Avec la carrière qu'il a connue dans la LNH, Potvin est indépendant de fortune. Il n'a plus besoin du hockey. Mais je vous dirai que le hockey québécois a besoin d'un Félix Potvin, un passionné.

Félix Potvin, le bijou des Cantonniers

COMMENTAIRE / J'ai énormément de plaisir à observer le travail de Félix Potvin à la barre des Cantonniers de Magog. Le gars est unique dans sa façon de diriger sa bande d'adolescents. Encore dimanche dernier, alors que les Cantonniers affrontaient les Gaulois d'Antoine-Girouard il a eu droit à toute mon admiration.
La scène se passe dans le territoire des Magogois avec un peu plus d'une minute à écouler au troisième engagement et les Cantonniers mènent par un mince but, 4-3. Quels sont les joueurs qui se retrouvent sur la glace pour les Cantonnierspour la mise au jeu? Un trio complet de recrues de 15 ans et un défenseur sur deux avec un statut de joueur affilié. Comme me l'a rapporté une personne sur la galerie de la presse, dans la plupart des autres équipes, les joueurs affiliés seraient déjà sous la douche avec un pointage aussi serré en fin de partie. Pas avec Félix Potvin, qui respecte à cent pour 100 la mission du midget AAA, soit de développer et de préparer les joueurs pour le junior majeur.

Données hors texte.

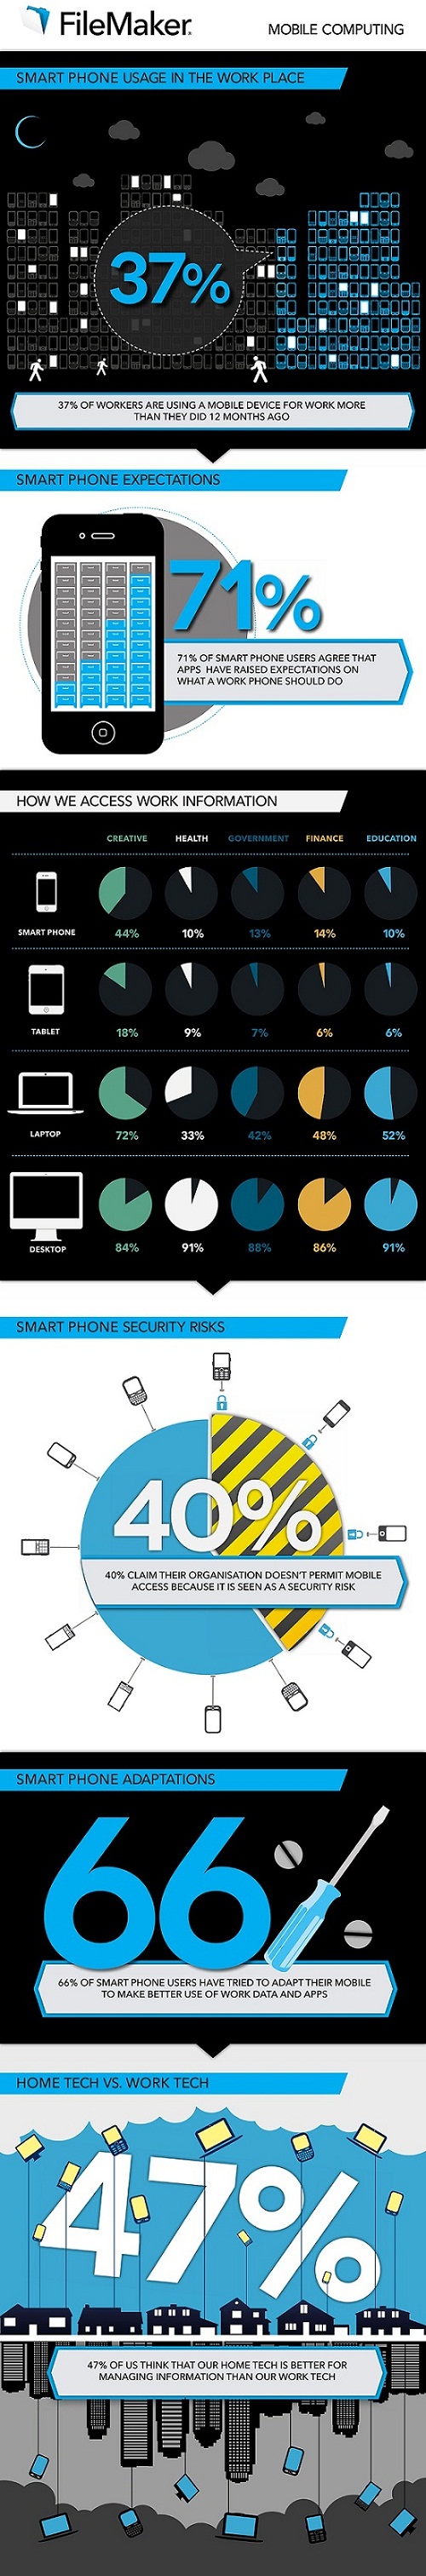 infografia smartohones trabajo.jpg

Potvin est aussi différent dans son approche auprès des jeunes. On ne le voit jamais gueuler après eux. Pourtant il obtient ce qu'il veut de leur part. Jamais un mot non plus sur la place publique envers un joueur en particulier. Tout est dans la démarche et la considération qu'il porte envers ses joueurs. En réalité, je n'ai jamais vu un coach de hockey être à la fois respecté et aimé comme c'est le cas pour Félix le « Chat ».
Le hockey en a besoin
Avec la carrière qu'il a connue dans la LNH, Potvin est indépendant de fortune. Il n'a plus besoin du hockey. Mais je vous dirai que le hockey québécois a besoin d'un Félix Potvin, un passionné. Plusieurs diront que ça ne paraît pas beaucoup, mais dans son cas, il ne faut surtout pas se fier à son langage corporel.
Spectaculaire devant sa cage dans la LNH, belliqueux à l'occasion, lui qui a eu maille à partir avec plusieurs joueurs, dont le célèbre Ron Hextall, Potvin est tout le contraire derrière un banc. Peu démonstratif, les deux mains dans les poches de son pantalon, d'un calme olympien, je me demande parfois si cela ne lui ferme pas des portes dans la LHJMQ, où on aime bien les entraîneurs colorés.
Sauf que la qualité de l'homme de hockey ne fait aucun doute à mes yeux. Très rarement son équipe va disputer deux mauvaises périodes de suite. Potvin sait s'ajuster aux entractes. Cela fait des années que les Cantonniers sont loin de figurer parmi les meilleures équipes de la ligue sur papier. Mais pourtant, sous Potvin, la formation magogoise trouve toujours le moyen de chauffer les meilleurs.
On dit souvent, et avec raison, que les bons joueurs font les bons entraîneurs. Seulement dans le midget AAA, je pourrais vous nommer des hommes qui ont mérité le titre d'entraîneur de l'année, mais dès qu'on leur enlève un ou deux bons éléments l'année suivante, c'est l'effondrement.
À Magog, Potvin arrive année après année à faire de ses adolescents, talentueux ou pas, une équipe plus que respectable. Et que dire de ses anciens joueurs qui graduent dans le junior majeur après avoir évolué sous sa férule.
J'ignore si on boude Potvin dans la LHJMQ, j'en doute. Mais entretemps, à Magog, c'est le bijou de l'organisation.